Posted by
Dan Hennessy on Monday, July 02, 2007 12:38:05 PM
by Daniel Hennessy
Sixty-nine years ago, Nazi officials instigated deadly outbursts of violence throughout Germany, Austria, and the Sudetenland region of Czechoslovakia. The Germans officially explained the violence as a spontaneous outburst of public rage in response to the assassination of Ernst von Rath, a low-ranking official at the German embassy in Paris. The Nazis blamed "World Jewry" for the assassination and, ostensibly as reprisal, unleashed a massive pogrom against Jews within the Third Reich. The event came to be known as Kristallnacht, the "Night of Broken Glass" and effectively transfered responsibility for "solving" the "Jewish Question" to the SS.
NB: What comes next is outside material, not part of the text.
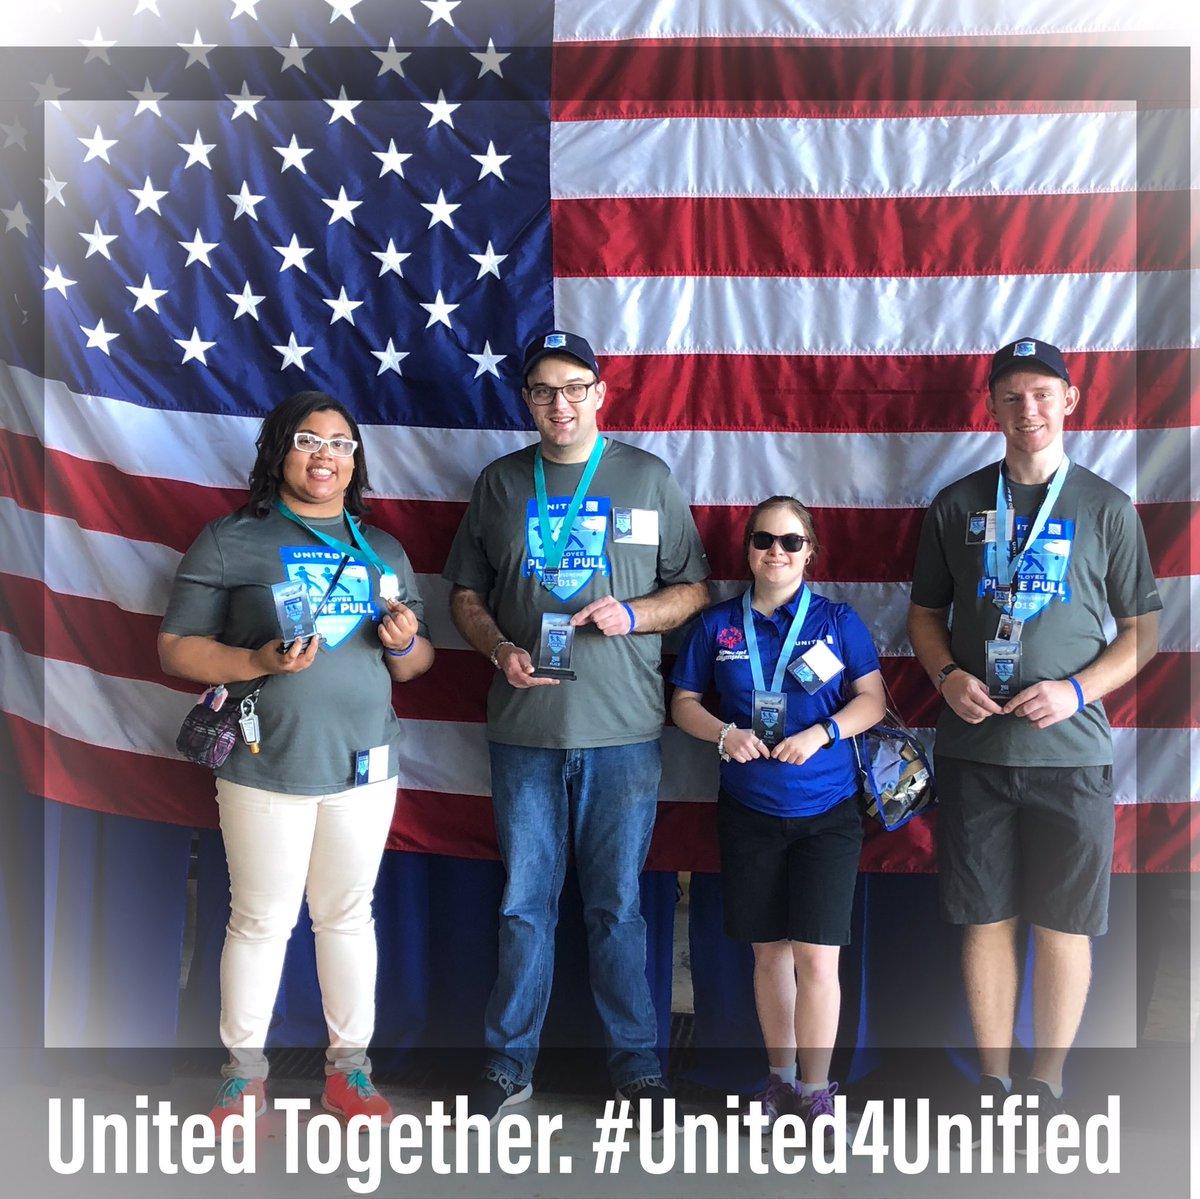 Happy Memorial Day! #UnitedTogether #InclusionRevolution @mcgrath_jonna @SO_Illinois @SOILLChris @SpecialOlympics @SONorthAmerica @rickvual https://t.co/MI5hZiO9yp
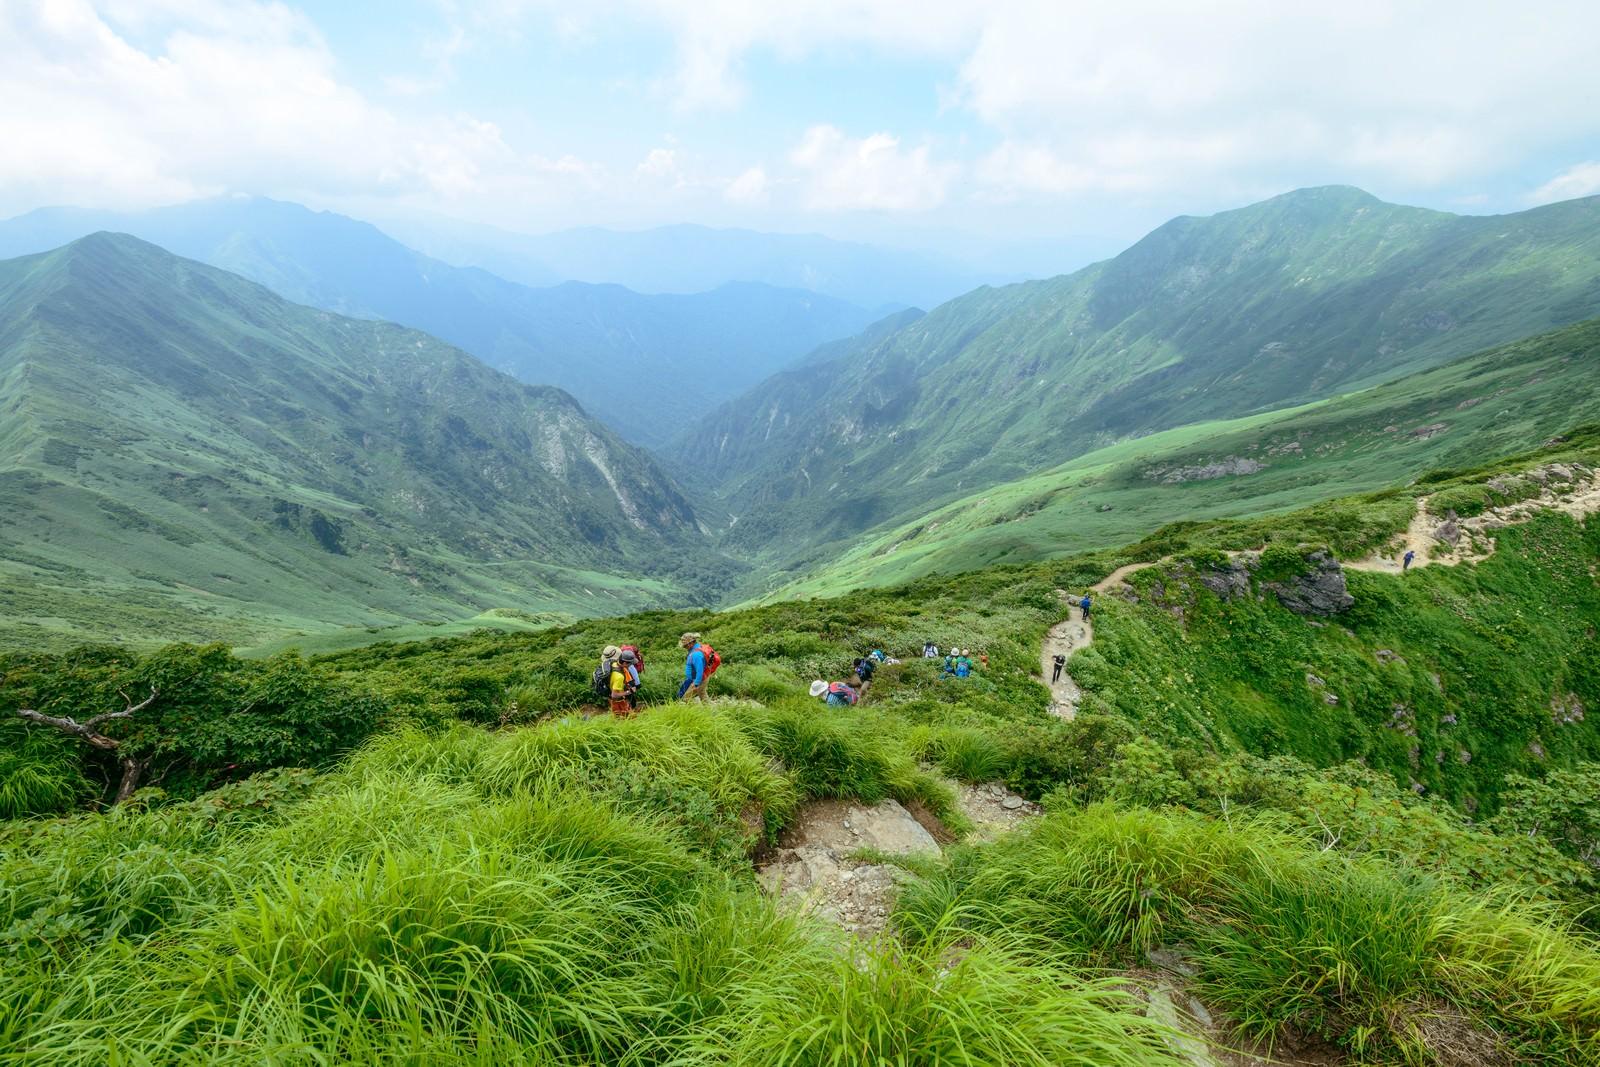 「谷川連峰オキの耳へ続く登山道」の写真

On December 6, 1987, in Gaza, Israeli land occupied by the PLO, an Israeli was stabbed to death while shopping. One day later, four residents of the Jabalya refugee camp in Gaza were killed in a traffic accident. Rumors that the four had been killed by Israelis as a deliberate act of revenge began to spread among the Arab population. Mass rioting broke out in Jabalya on the morning of December 9. This sparked a wave of unrest that engulfed Judea, Samaria, Gaza, and Jerusalem. False charges of Israeli atrocities and instigation from the mosques played an important role in starting the first intifada. The event signaled the successful galvanization of all militant parties—official and “unofficial”—into the on-going war against Israel that has been assigned the label “peace process.”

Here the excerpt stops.